● Work order: Would you output the entries below only from the line containing "Jesse Plemons, Ray" through the line containing "Mature couple cuddling", exactly as they stand and with both ends included?

● Records to process:
----

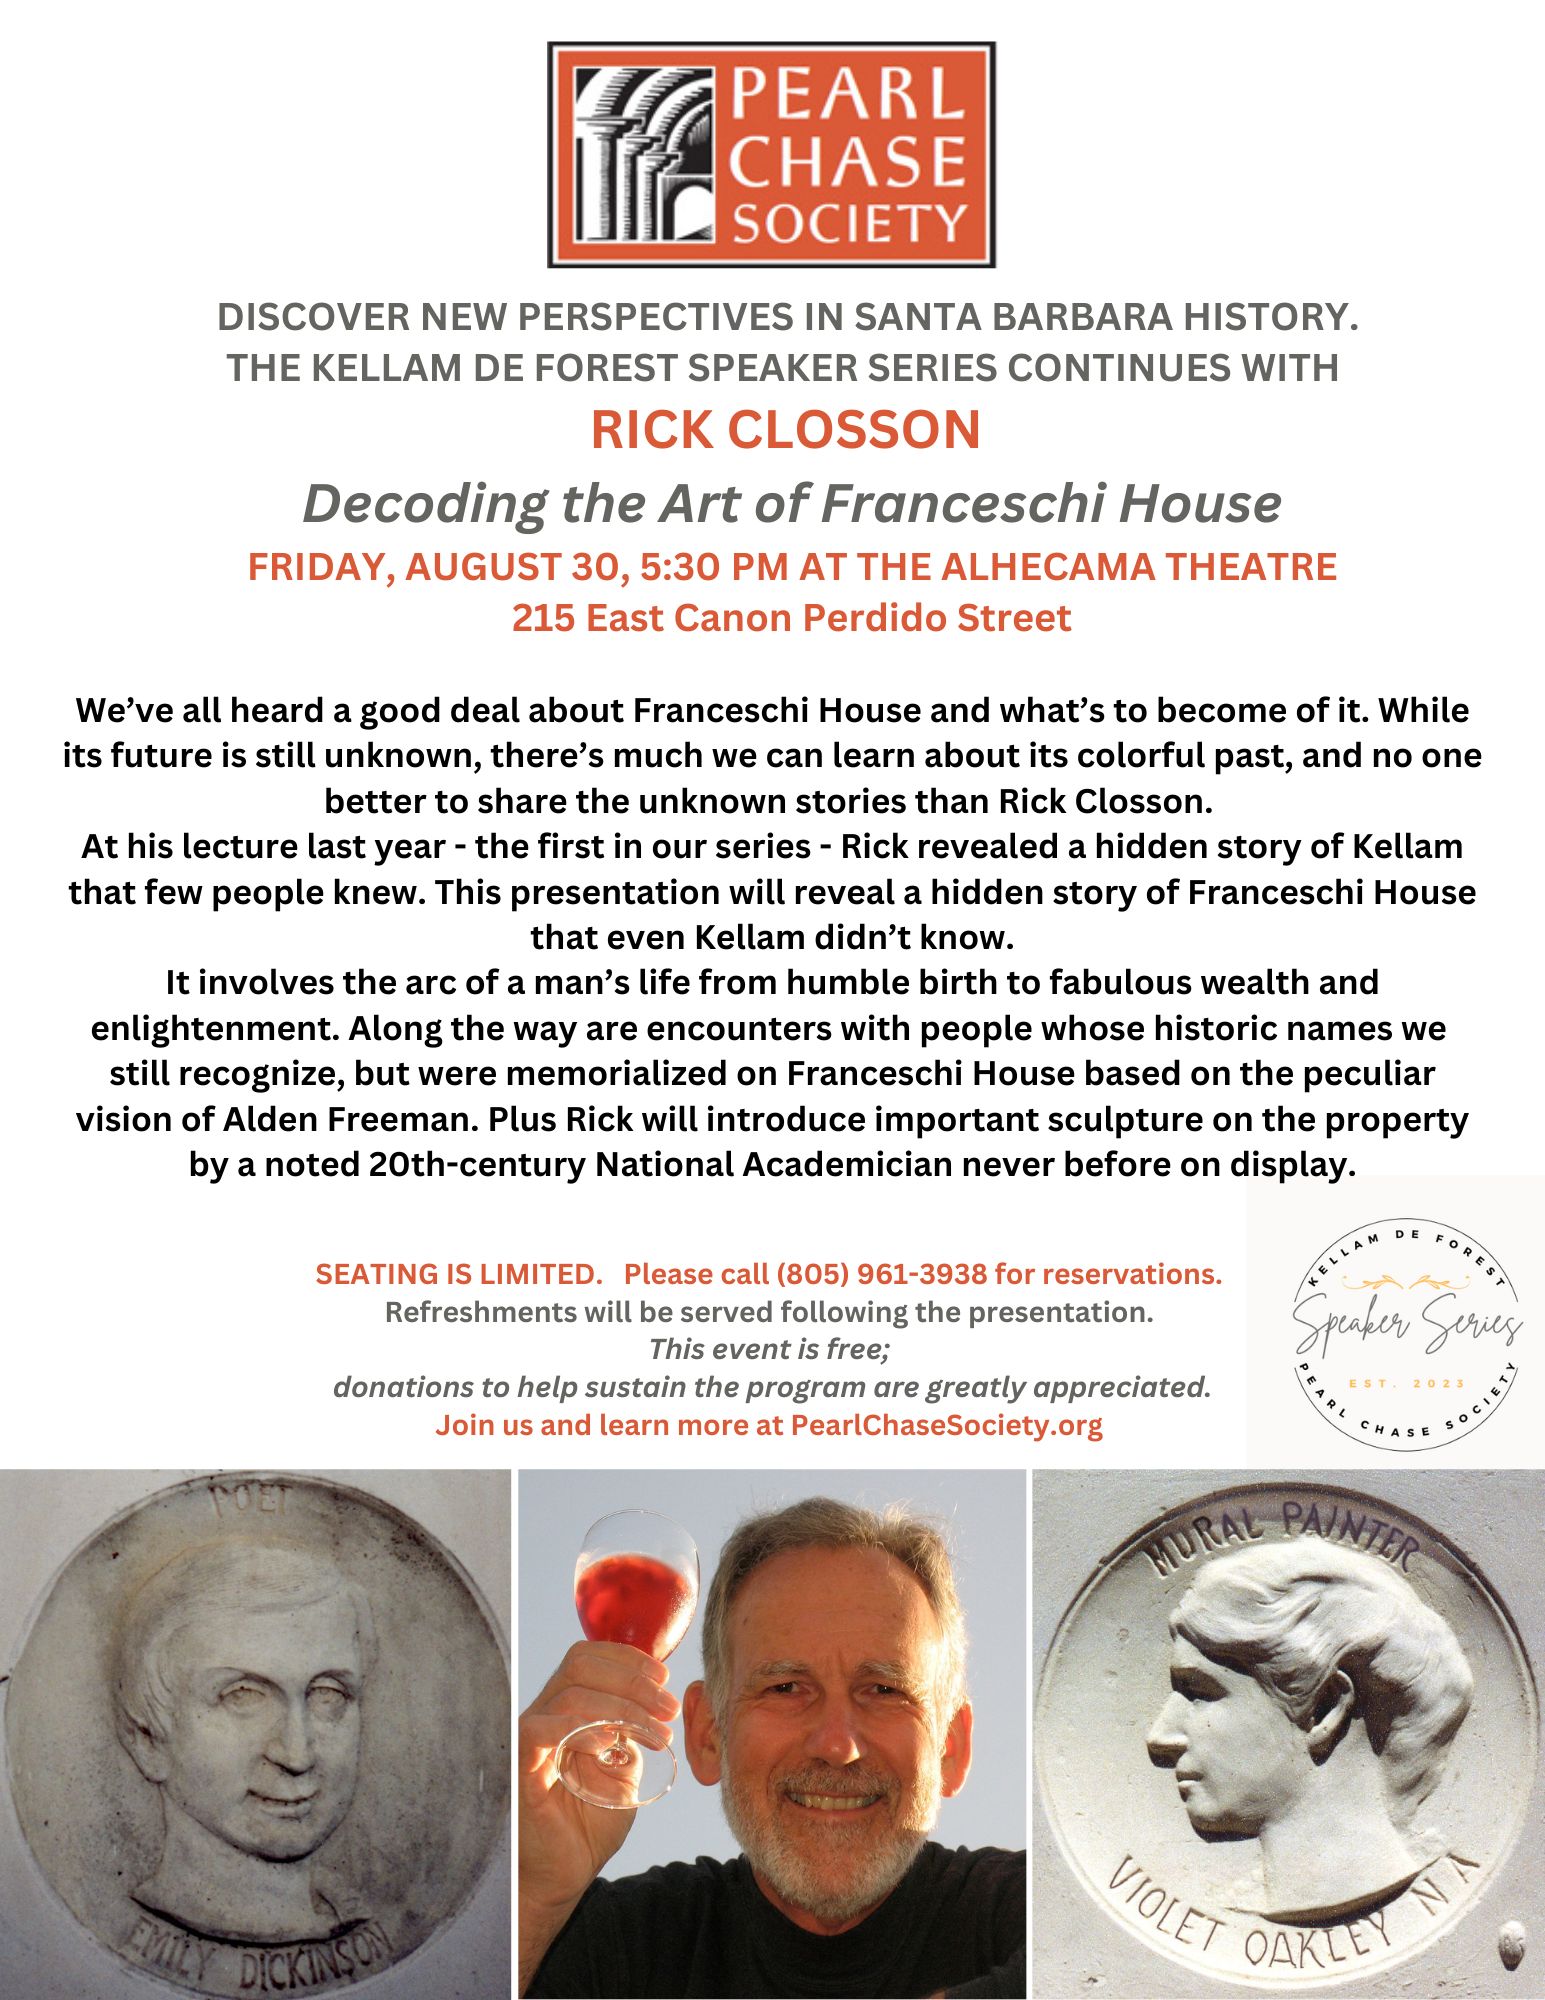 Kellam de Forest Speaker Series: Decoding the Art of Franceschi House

----

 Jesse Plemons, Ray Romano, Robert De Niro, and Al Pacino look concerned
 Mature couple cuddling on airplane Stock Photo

----

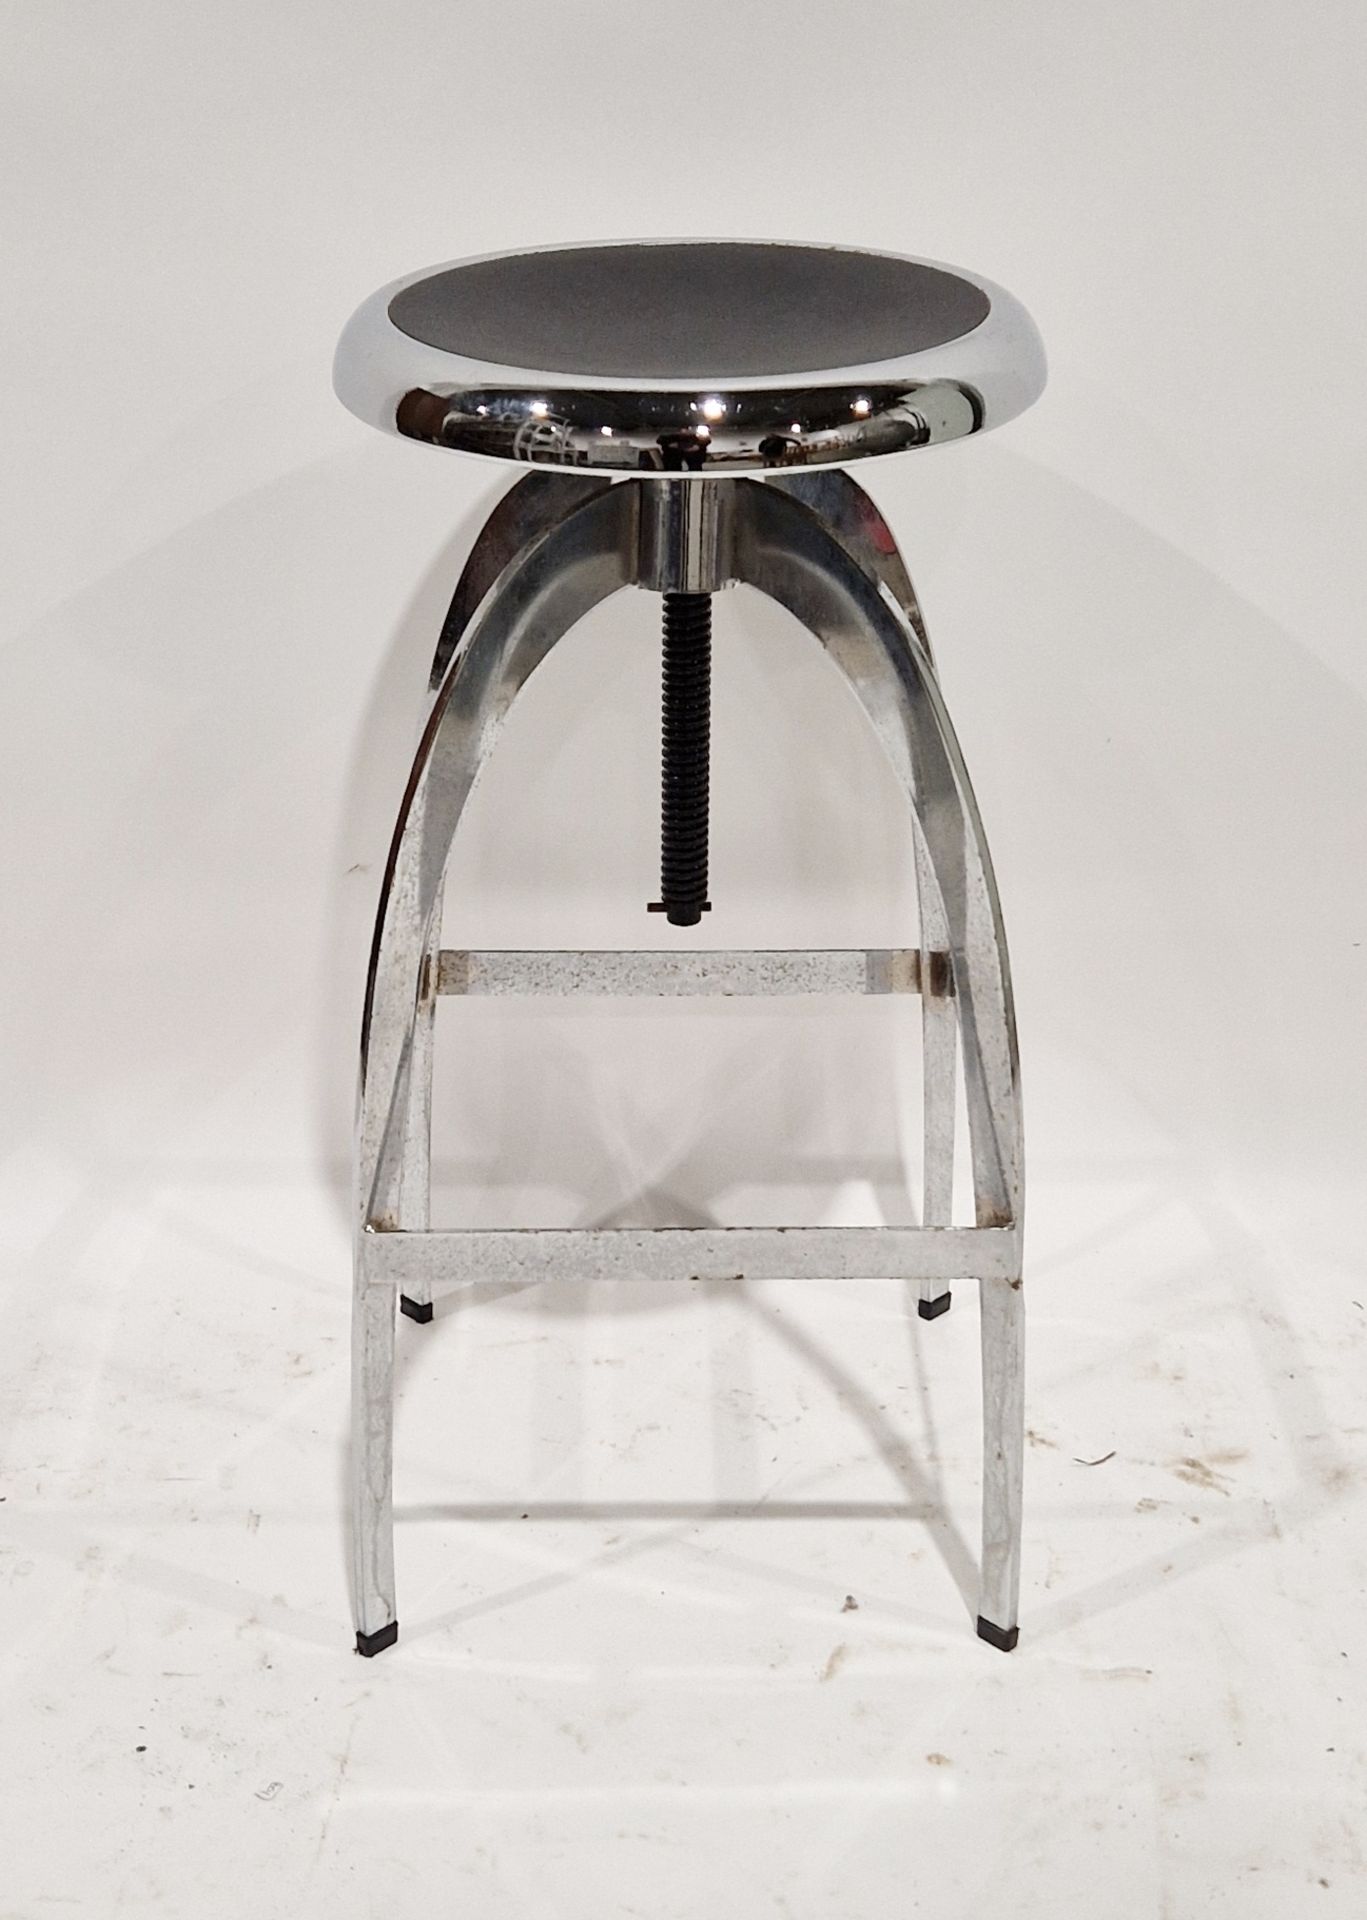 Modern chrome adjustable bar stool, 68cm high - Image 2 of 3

----

● Output of the exercise:
 Jesse Plemons, Ray Romano, Robert De Niro, and Al Pacino look concerned
 Mature couple cuddling on airplane Stock Photo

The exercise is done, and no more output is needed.